That means that some of the restaurants most famous dishes, like lavender honey glazed duck and butter-poached lobster, won’t be anywhere to be found on its menu come June. Humm, though, told NPR early Monday morning that he and his team have dedicated themselves to crafting a menu that even the most passionate meat eaters will be “blown away by.” Despite this confidence, he knows that the move still carries risk.
“I’m not going to lie, at times I’m up in the middle of the night, thinking about the risk we’re taking abandoning dishes that once defined us,” Humm wrote in his note. “We are obsessed with making the most flavorful vegetable broths and stocks. Our days are consumed by developing fully plant-based milks, butters and creams. We are exploring fermentation, and understand that time is one of the most precious ingredients. What at first felt limiting began to feel freeing, and we are only scratching the surface.”

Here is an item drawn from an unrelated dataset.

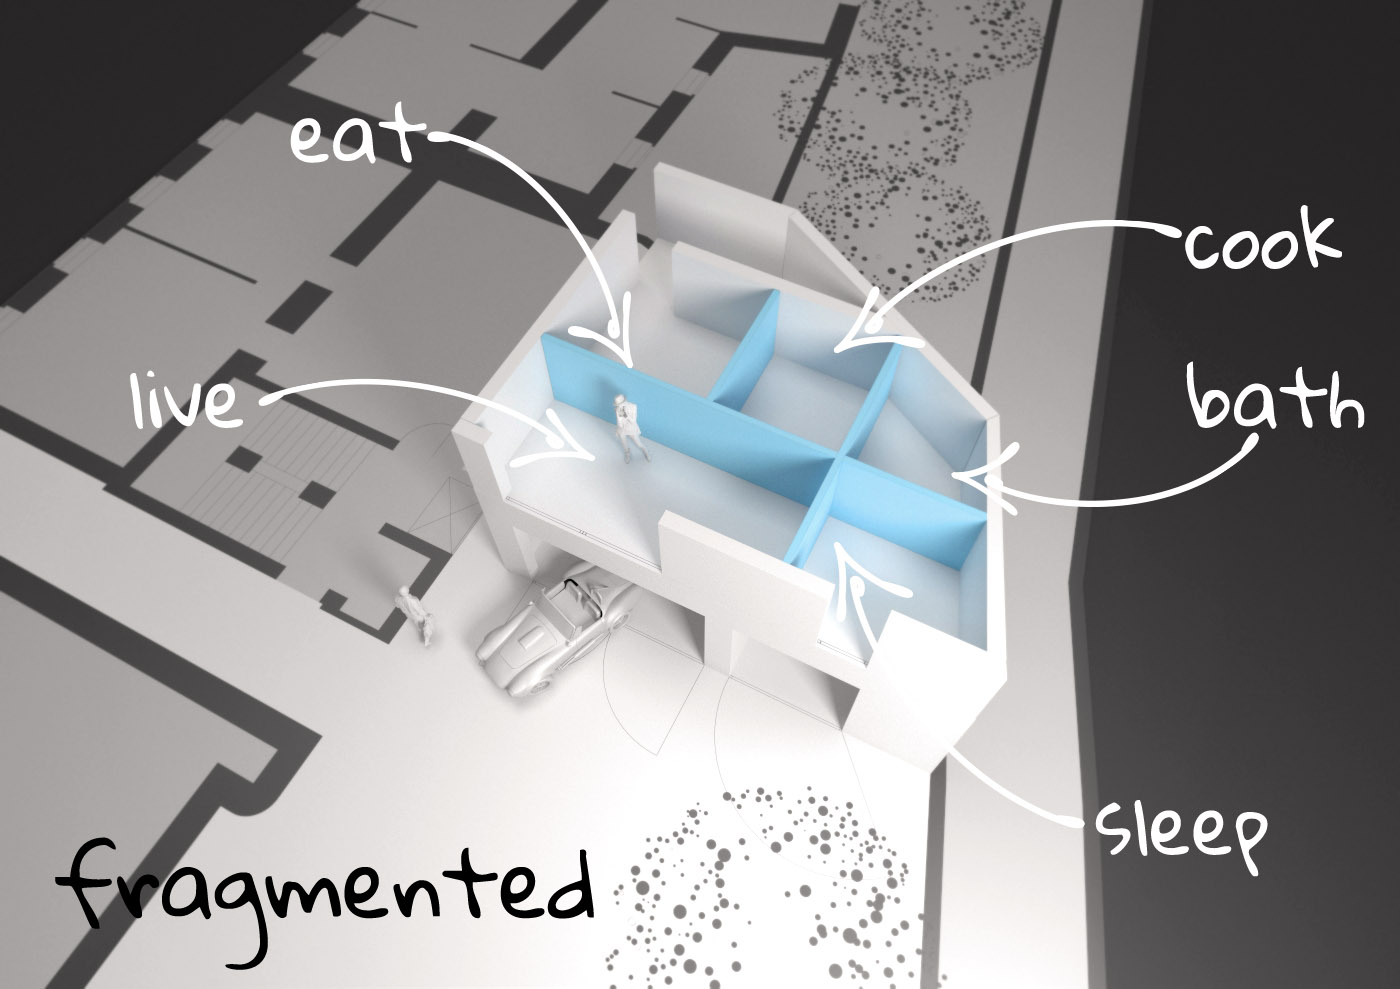 Fragmented Diagram

The shift to an entirely plant-based menu (though milk will still be available for coffee and tea), isn’t the only change the restaurant is undergoing. While its doors have been closed, the eatery’s remaining staff has helped prepare close to a million meals for frontline workers and food-insecure families in the New York-area. Humm writes that the restaurant has adjusted its business model so that this work can continue. And on June 10, the restaurant’s first day back in business, every dinner bought by one of its customers, will help provide meals for five at-risk New Yorkers, which will be delivered by the restaurant’s food truck.